Directrice José Wolters van obs De Marke voor de afgesloten hal. Foto: Marcel Jurian de Jong Marcel Jurian de Jong
Een dag na de sluiting van basisschool De Marke in Roden is het personeel al druk bezig alle spullen in dozen te pakken. Kerstvakantie zit er nog even niet in.
„Eigenlijk is het een geluk bij een ongeluk dat het bijna vakantie is”, lacht José Wolters, directeur van openbare basisschool De Marke. „De leerlingen missen nu maar een paar dagen les in plaats van een enkele weken. Maar of wij als team ook aan vakantie toekomen is nog even de vraag.”
Wolters is samen met alle leerkrachten op dinsdagochtend al druk in de weer op school. Dat de beslissing om De Marke te sluiten pas een dag eerder na schooltijd werd genomen, is haast niet voor te stellen. Overal staan al verhuisdozen en lokalen zijn soms al half leeggeruimd.

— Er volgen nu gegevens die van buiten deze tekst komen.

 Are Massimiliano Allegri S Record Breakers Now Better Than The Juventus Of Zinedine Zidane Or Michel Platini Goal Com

„Alles komt nu in een stroomversnelling. Afgelopen zomer werden scheuren geconstateerd in de muren. Het was allemaal niet extreem, maar ze werden wel groter. We hebben meer onderzoek laten doen en toen werd per toeval ontdekt dat er roestvorming en corrosie is ontstaan aan de fundering.”
Het gaat daarbij om een vrij klein stukje, in de hal bij de hoofdingang. En hoewel je de fundering niet kunt zien, zijn verzakkingen en scheuren op meerdere plekken wel duidelijk zichtbaar. De gemeente en de school nemen daarom geen enkel risico. „Ik heb zelf ook kinderen en je wilt dat ze veilig zijn”, legt Wolters uit. „Als het nodig is om de school te sluiten doe je dat. We kunnen niet anders.”

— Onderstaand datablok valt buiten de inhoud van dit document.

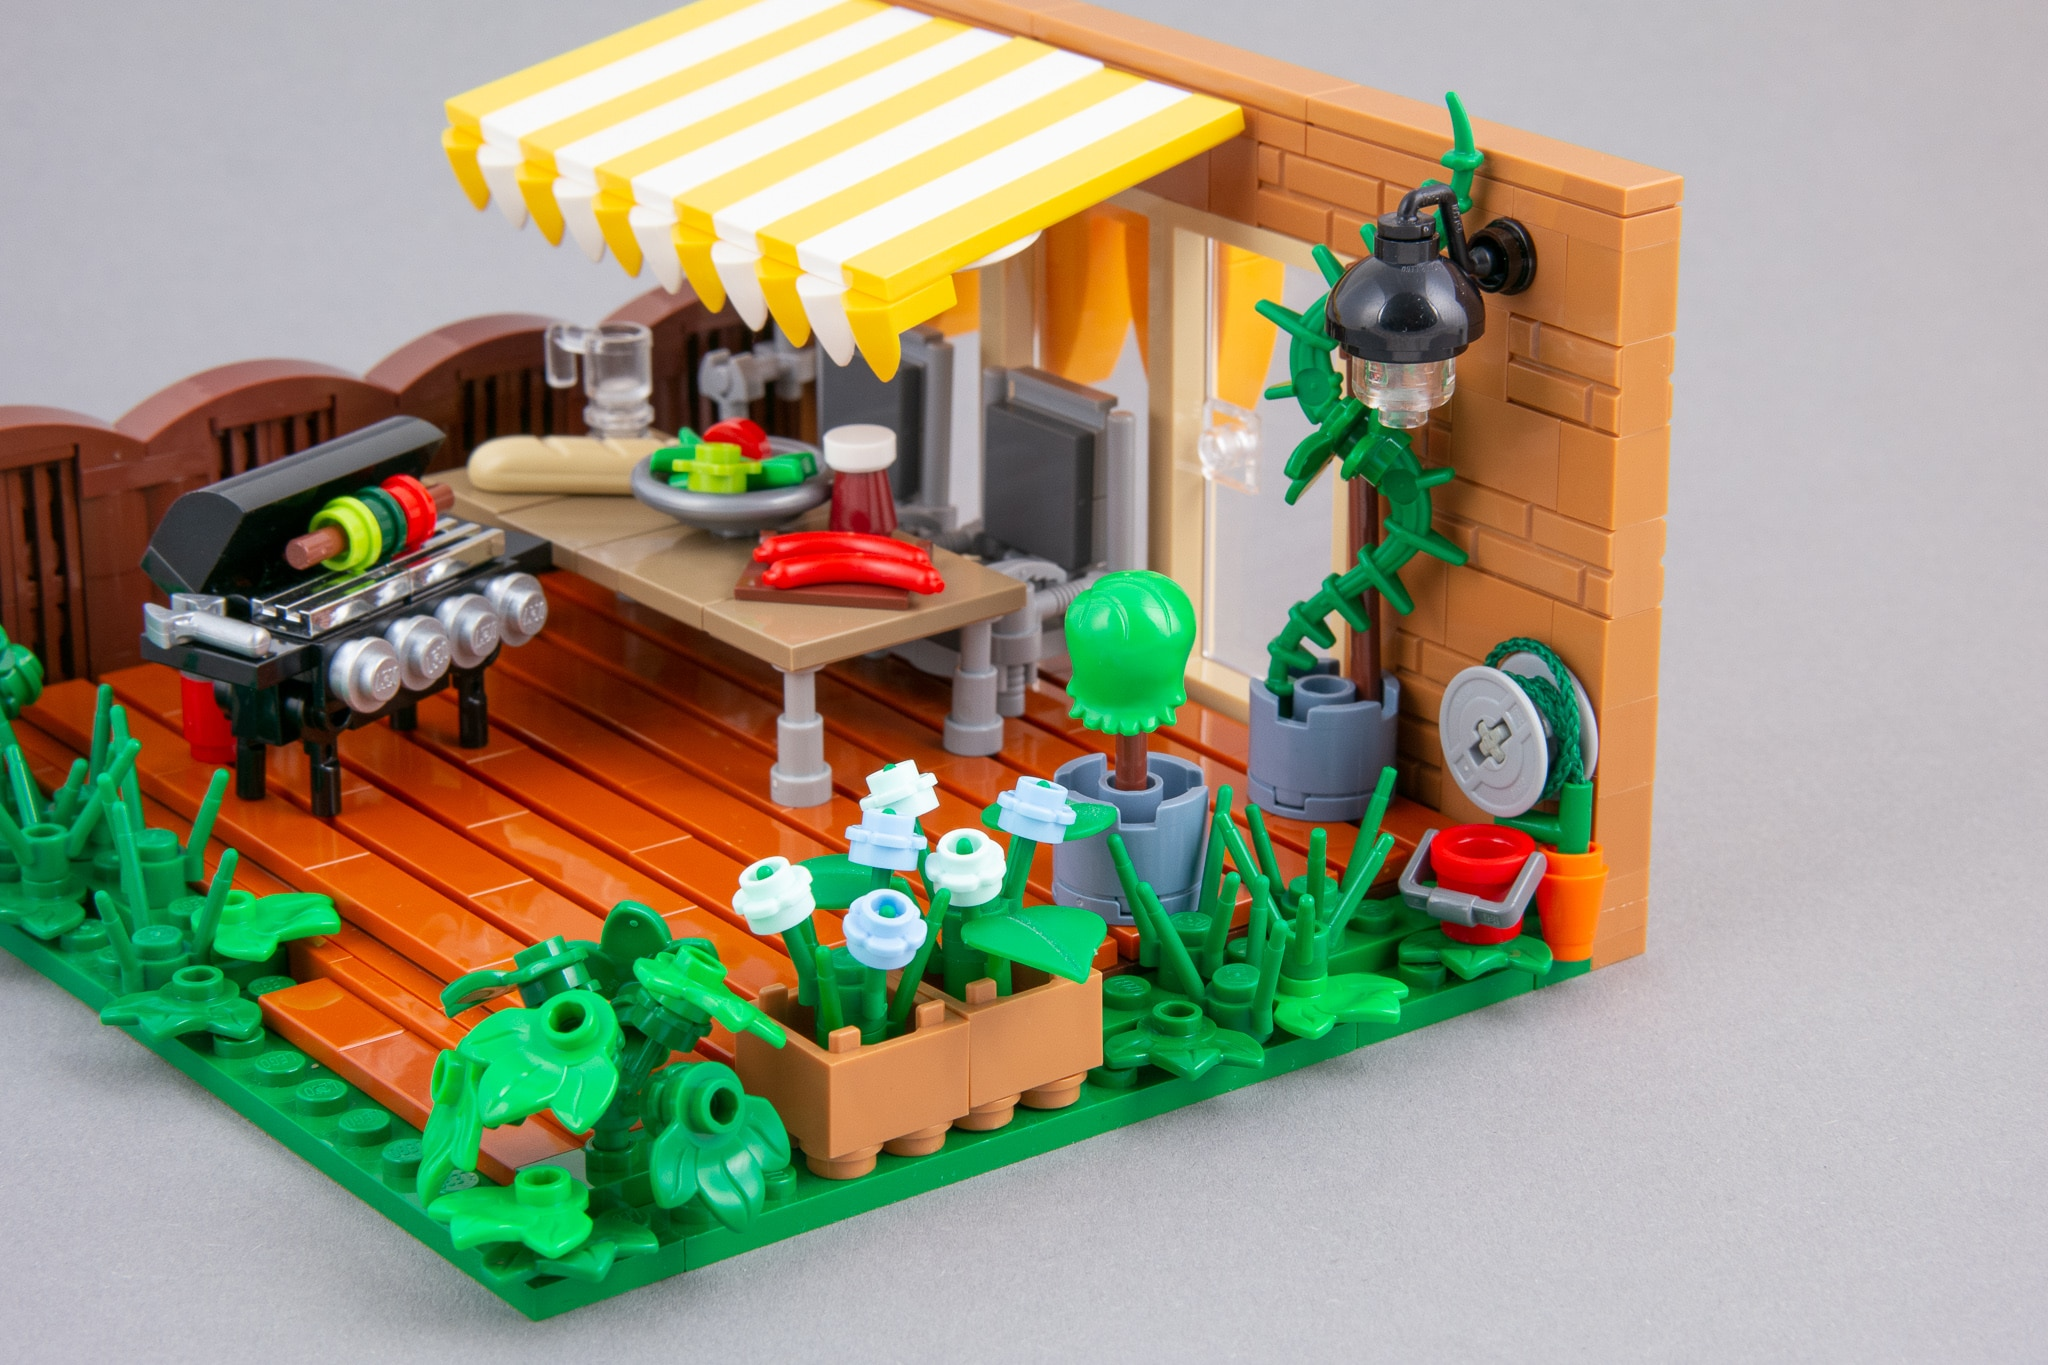 LEGO Terrasse Moc Grillen (14)

De beslissing zorgt wel voor hectische taferelen. Er moet van alles geregeld worden. Ouders moeten ingelicht, klaslokalen moeten leeg en de noodlokalen moeten zo snel mogelijk worden neergezet én ingericht. Allemaal voor 9 januari, met de feestdagen er ook nog tussendoor.
Juffen bezig met het leeghalen van een lokaal. Foto: Marcel Jurian de Jong Marcel Jurian de Jong
Wolters stuurt alles kordaat aan, alsof ze nooit iets anders gedaan heeft dan verhuizingen plannen. Af en toe loopt er een leerkracht stiekem achter haar langs door de verboden hal, verhuisdoos onder de arm. Ze blijft er relaxed onder. „In principe kan dat wel hoor, maar het mag officieel niet meer. Gisteren liepen hier nog vele kinderen over dezelfde vloer. Die ene leerkracht kan dan ook nog wel.”

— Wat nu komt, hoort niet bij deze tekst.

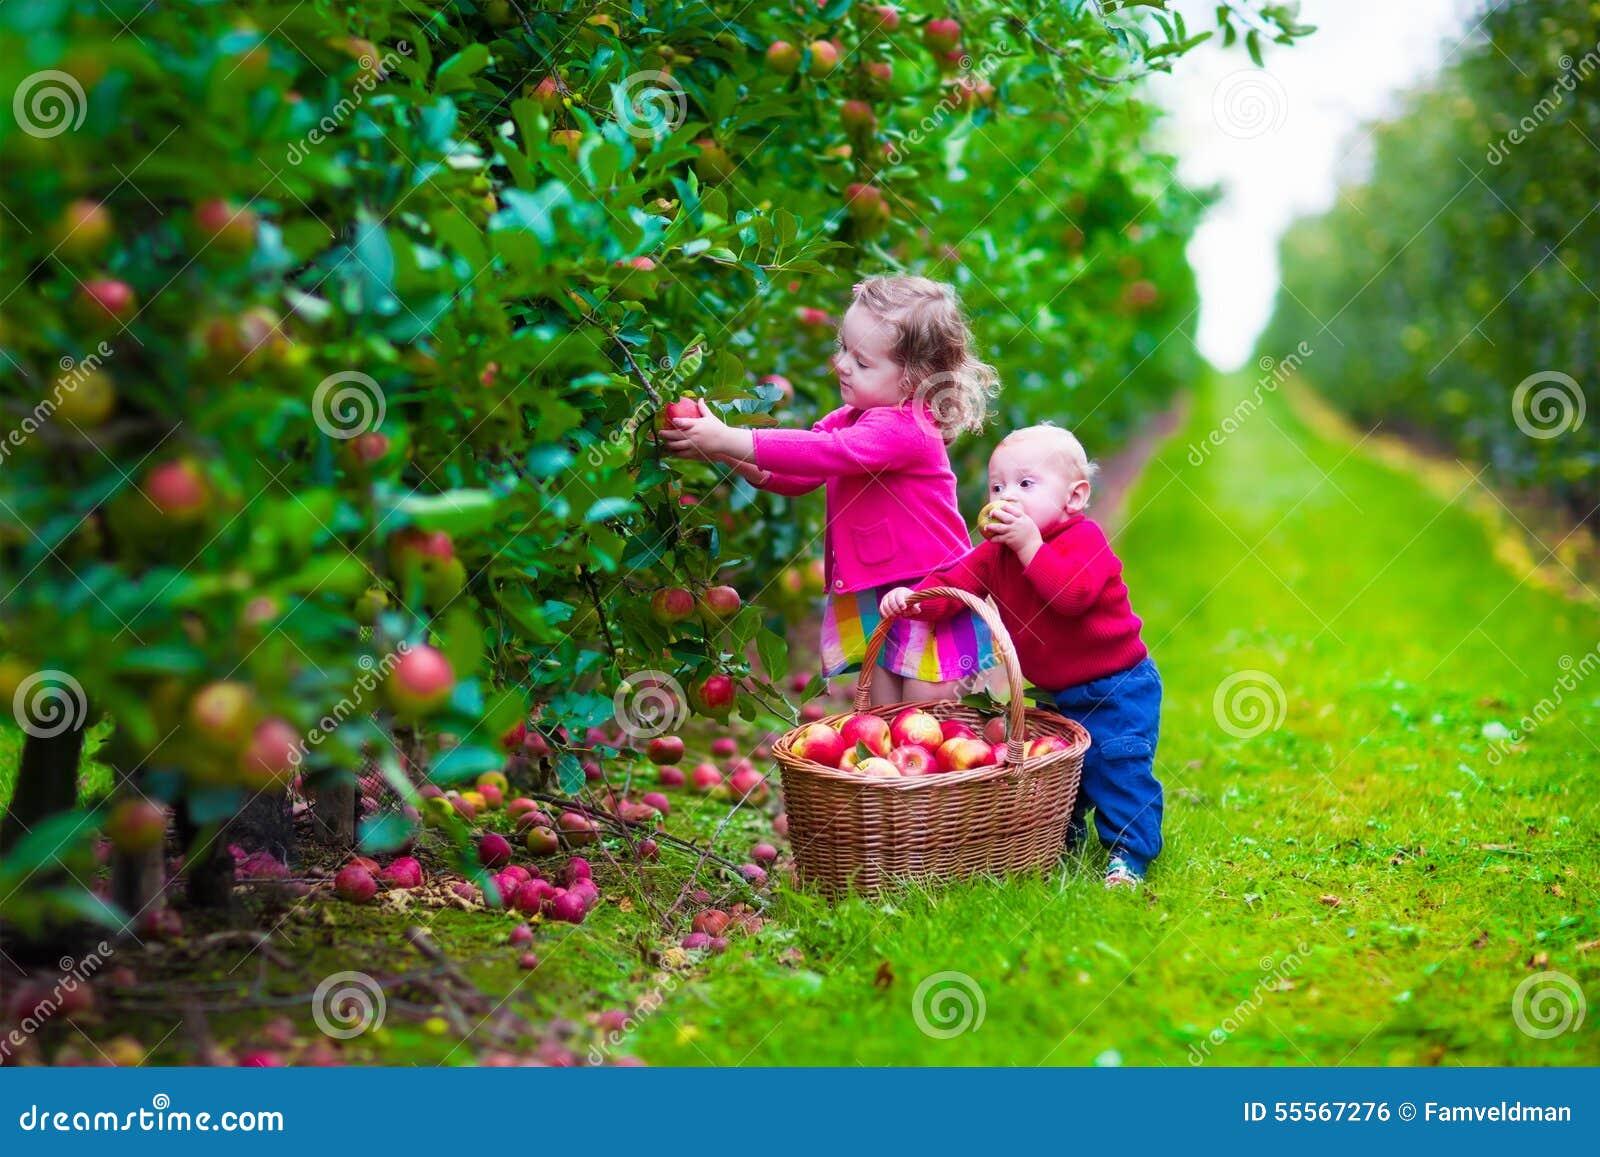 Kids picking fresh apple on a farm

Van de tien klaslokalen bevinden zich er zeven in het gedeelte met de onveilige fundering. Alleen de kleuters zitten in een aangrenzend nieuw gebouw. Zij blijven in eerste instantie wel op hun vertrouwde plek. „Eerst moeten we een noodlocatie hebben voor de zeven klassen, maar het liefst willen we daarna ook de kleuters naar de tijdelijke plek verhuizen, zodat we weer één school zijn. Ook om praktische redenen is dat handig, je wilt niet dat ouders met meerdere kinderen naar verschillende locaties moeten.”
De komende twee dagen komt elke klas op een ander tijdstip nog één keer bij elkaar, om de laatste spulletjes op te halen en het jaar samen af te sluiten. „We willen zo min mogelijk mensen tegelijkertijd in het gebouw hebben. Ouders mogen ook niet mee naar binnen. Maar leerlingen moeten toch even hun spulletjes op kunnen halen. Hier ligt nog een handschoen bijvoorbeeld. Die moet vast en zeker mee naar huis.”